I wonder if our former player,Bent,had a nickname.I certainly called him a few in his time at the lane.......!
Names are tricky things. For over 40 years my name never drew a single comment. Not one, ever. Then some bloke becomes extremely famous and has my name. He's still extremely famous and every time I give my name I get comments about it. I've taken to giving the full version of my first name sometimes, which I hate, just to limit the number of times I get to hear the stock 3 or 4 responses that I normally get. Mrs B worked with a bloke whose name is Richard [known as Dick] Head. He knows and told me the exact date that Jasper Carrott first unleashed the expression "Dick Head" on the unsuspecting public thereby ruining his life forever. Despite him being a really nice guy, everyone laughs. Remember that Ronald MacDonald used to be a relatively common name in parts of Scotland and nobody thought anything of it until the late 70's. Now? Not so much.

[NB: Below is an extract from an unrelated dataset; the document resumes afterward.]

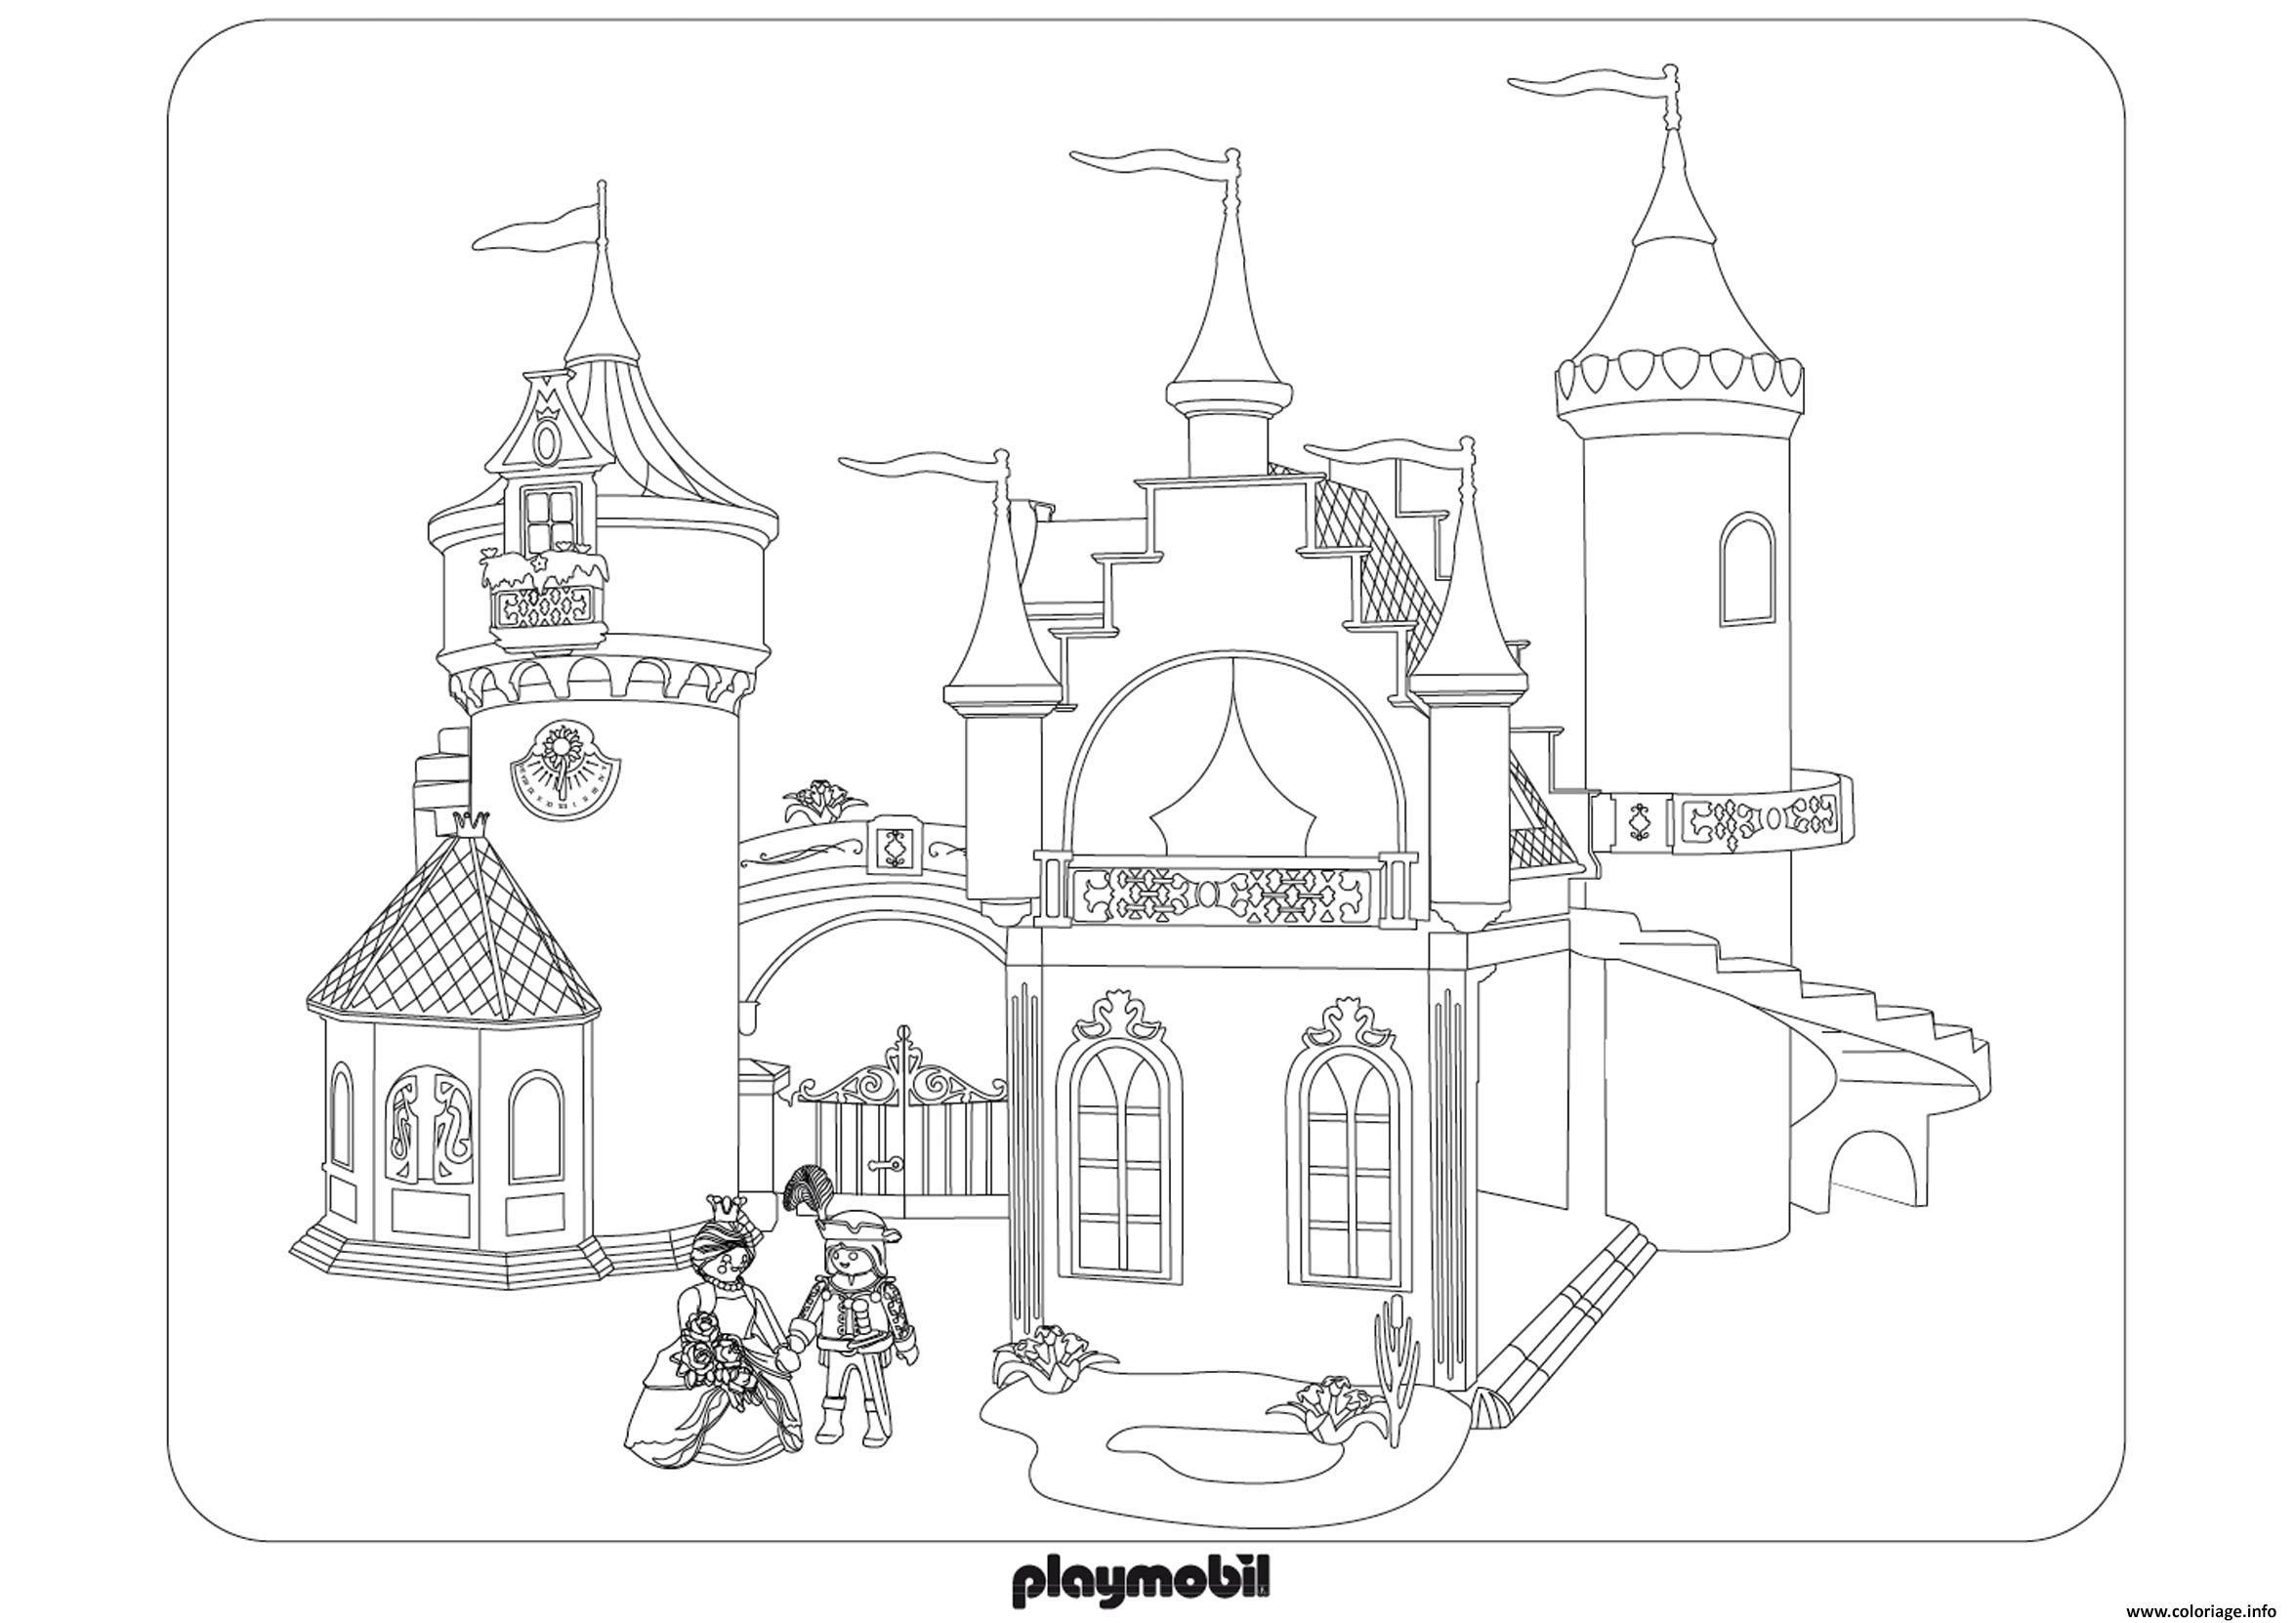 Coloriage chateau roi reine princesse playmobil dessin - Coloriage chateau de princesse ...

Our Premier League games against Everton and Southampton have been moved for Sky. They're now both on Sundays. http://www.tottenhamhotspur.com/news/first-team/fixtures/tv-fixture-changes-march-2016-250117/
I don't get the parents who give their kids names that rhyme with their surnames, for example I went to school with a Sarah Kamera. It;s like they're determined to have their kids teased. And then there's one of my housemates at uni, Tallulah Radula...
Perhaps the vicar had a stutter...,alternatively based on the chant the mousers used to sing, his mother may have also been his aunt.
I was shocked to find out that the US television show "Blackish" is funny--or at least the minute I watched was. The hero has been pulled over for running a stop sign. He's a slightly overweight black man in a white suburb. He realizes he's left his license at home. He runs through various possibilities of what to say. "Officer, there's not room in my skinny jeans for me and my wallet." Cut to prison door clanging shut. "Officer, I cannot tell a lie. This car is owned by that passed out white woman." He points to his wife, asleep in the front seat. Cut to prison door clanging shut. "Officer, I'd like you to know that I'm videotaping all of this." Cut to a framed picture of the hero on a wall. Pan back to reveal women sobbing over his casket.
I consider myself a supporter of human rights and a bit of a pinko-liberal type. However, if Jack Pitt-Brooke was attacked in front of me by a gang of ruffians of murderous intent who gang-raped him first. I'd probably not intervene or summon a constable. Second thoughts, I wouldn't. At least, not until he was in insufferable agony. Then, maybe?
RIP Sir John Hurt - 77. Wonderful actor and by all accounts a thoroughly good egg. Another one bites the dust..... But when the Honours seem to be given out like confetti, how did it take til 2015 to knight him?